Fortunately, there weren't many, and the one big one we did have came out of a parallel meeting that one of our offices called into being only weeks ago. (Even though in the end, as usual, our office will be the one falling on the sword.) Mostly it was having to reset rooms as our meal counts jumped and fell wildly (we were competing with APEC's early program) and fighting with our computer and copier vendor. Not bad, overall, for an "administrative meeting" on steroids.

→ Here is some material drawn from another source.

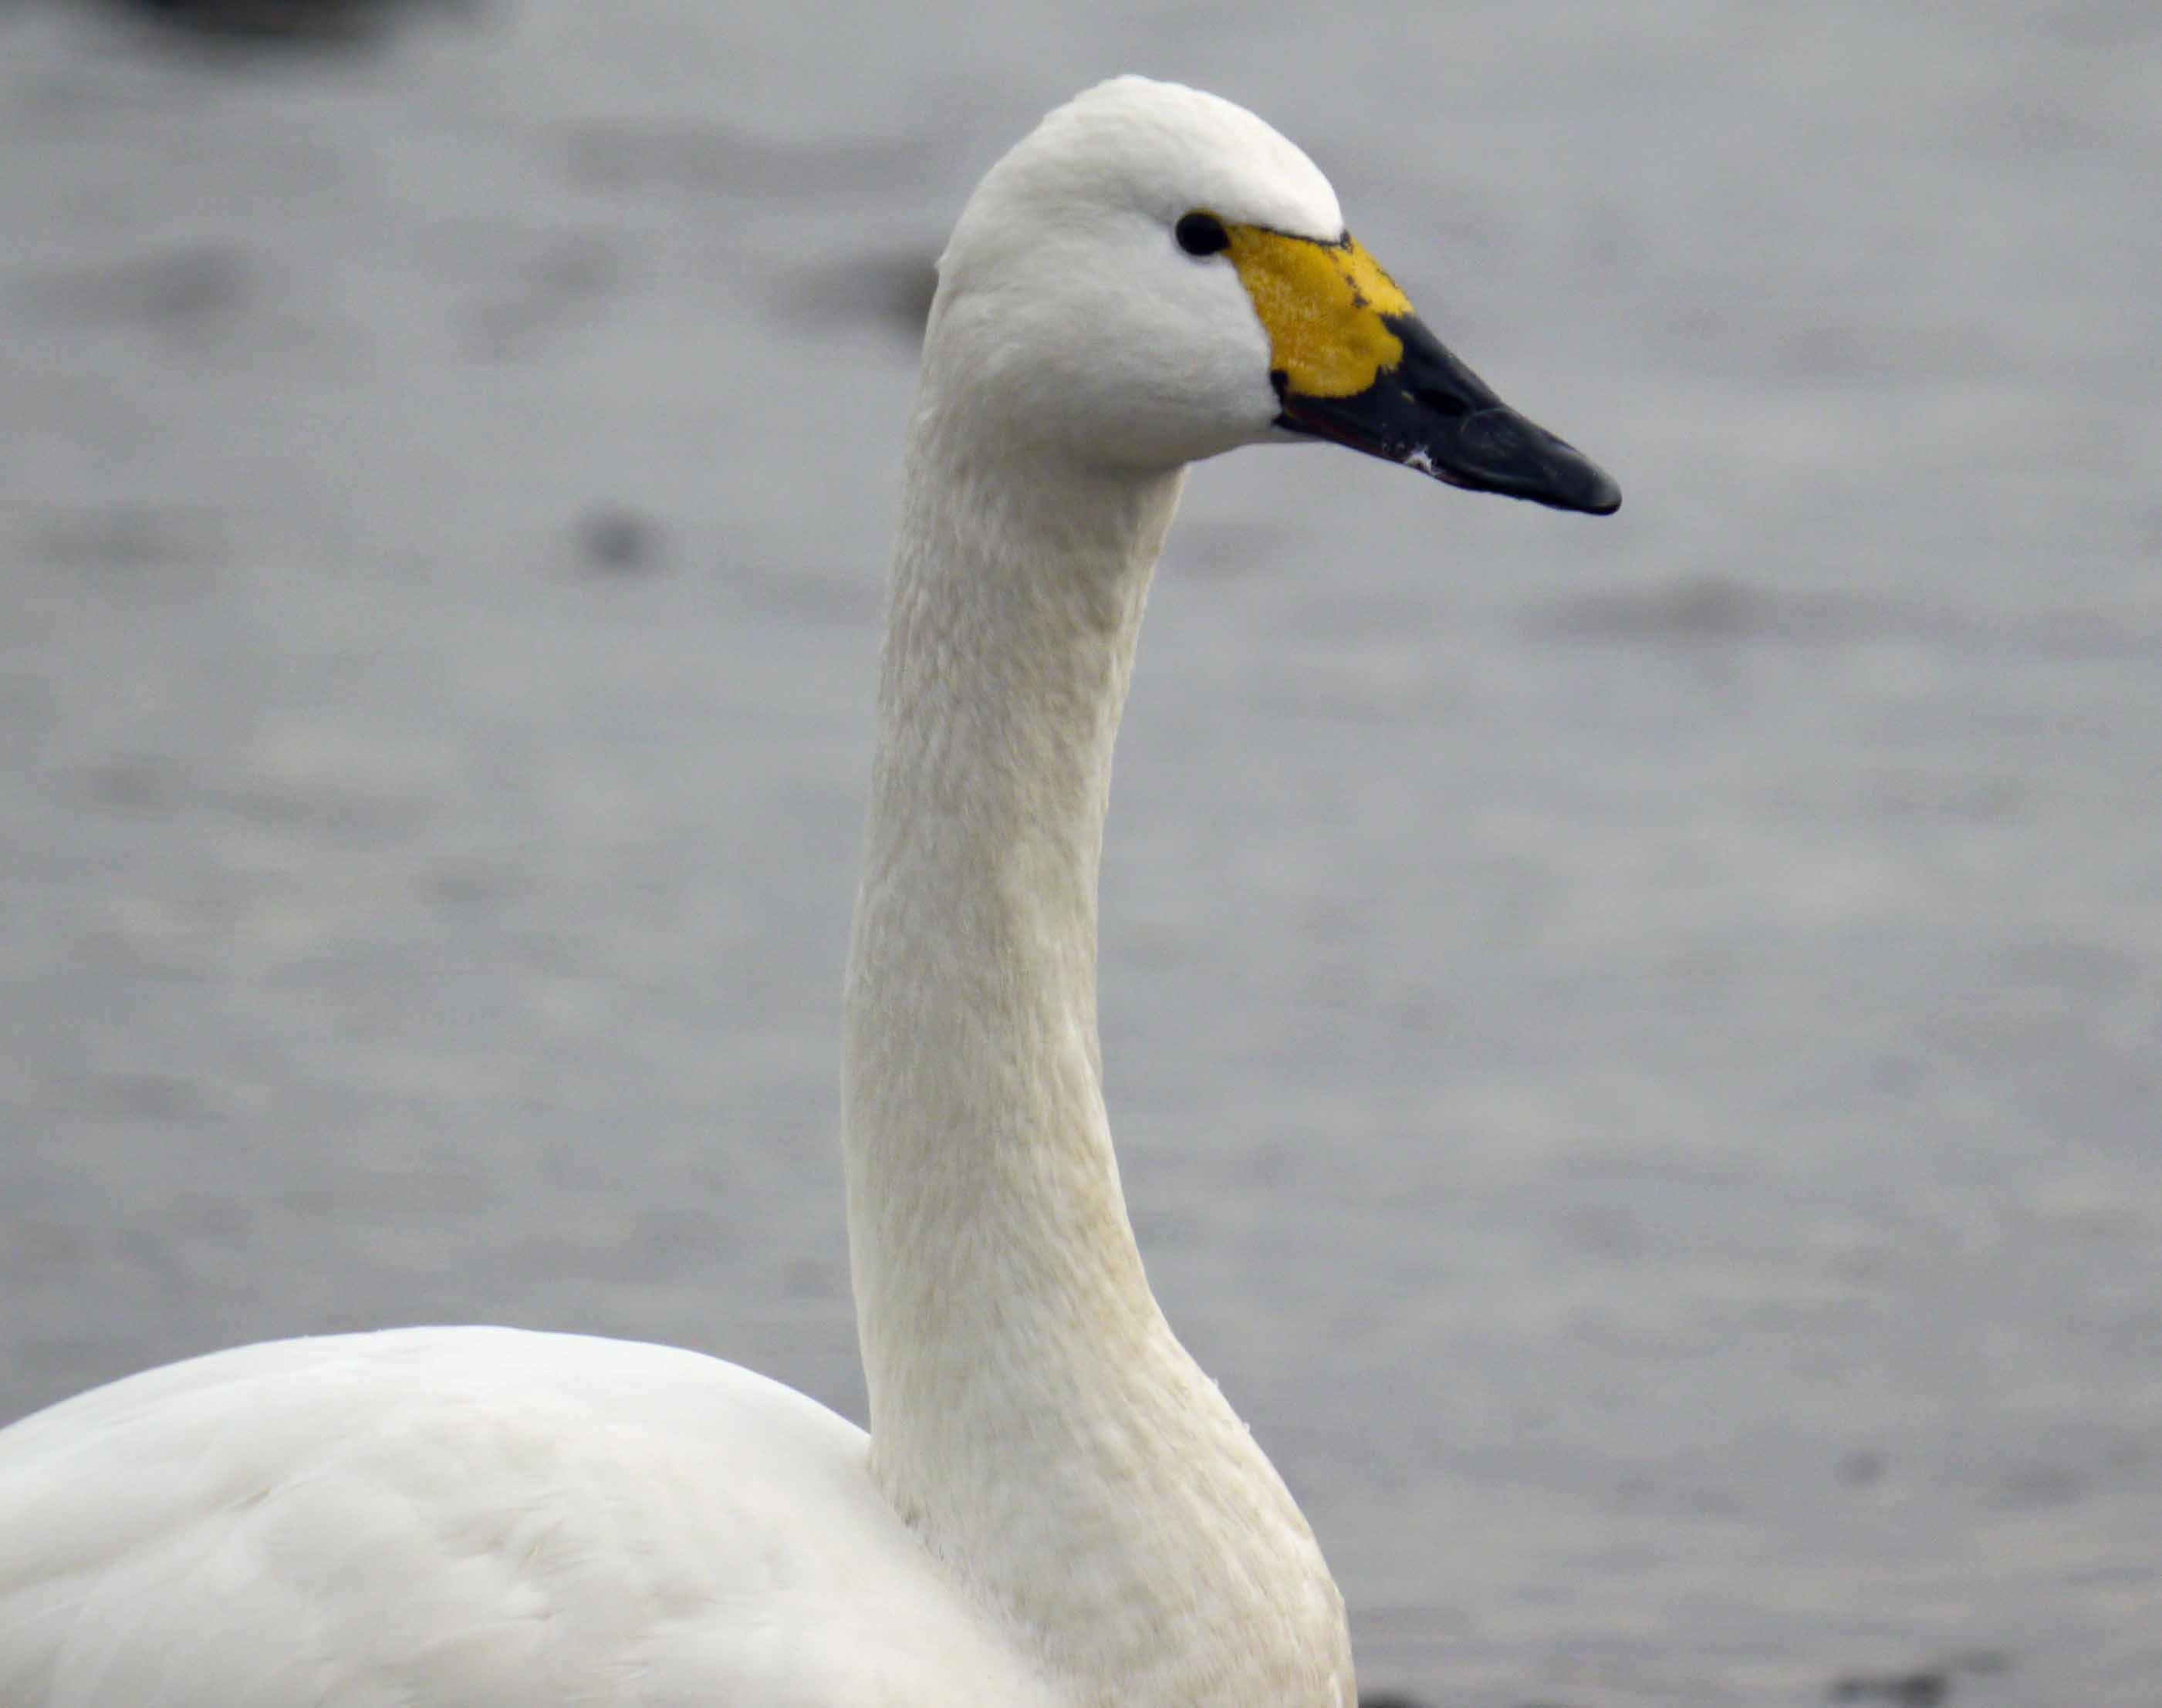 Only one Bewick's Swan remains

Our delegates did their work, and passed their statements, and they ate well and enjoyed live entertainment. But — I had to memorize names and titles, so I'm going to dump them here — they also heard from Xu Kuangdi, Shanghai's mayor, Shi Guansheng, China's minister of foreign trade and economic cooperation, Ambassador John Huntsman, Deputy U.S. Trade Representative, Jim Morgan, Chairman and CEO of Applied Materials, Khoan Vu, Vietnam Minister For Trade, Samuel Bodman, U.S. Deputy Secretary of Commerce, and Derek Williams, Executive Vice President, Oracle - Asia Pacific. Add to that a smattering of local Consul Generals and a few other corporate and government VIPs, and you've got the last three days.

This meeting, though, is significant to me and my colleagues because it is the last meeting for our boss.

He's been the face of our organization for nine years, heading it from Honolulu for seven years, and a friend to all of us. (It's frightening, but I'm one of the staffers that's been in the office the longest.) He's had his quirks, his moments of stress, all sorts of staff-conferred nicknames... but his charisma and relaxed style is why I've stuck around, even when things got hairy. This might be my first job, bit I know many bosses are nothing like mine. I know many offices don't feel anything like a family.

We scrambled on vague direction from other leaders to get him a gift — a Mont Blanc pen — on behalf of the organization, and of course we want to do something for him back home. But I'll tell you, he's not going to get one-millionth out of anyone what he's put in. Just looking at pictures over the years, it's clear he gave his best energy and his best years to us.

He leaves, officially, at the end of November. Assuming the other open staff positions aren't filled (and I doubt they will be, given the budget pinch), that means there'll be five of us working in a suddenly huge office downtown. That's about half of what we had in 1998. And only one other person besides me has more than three conferences under their belt (I've got seven). It won't be the same.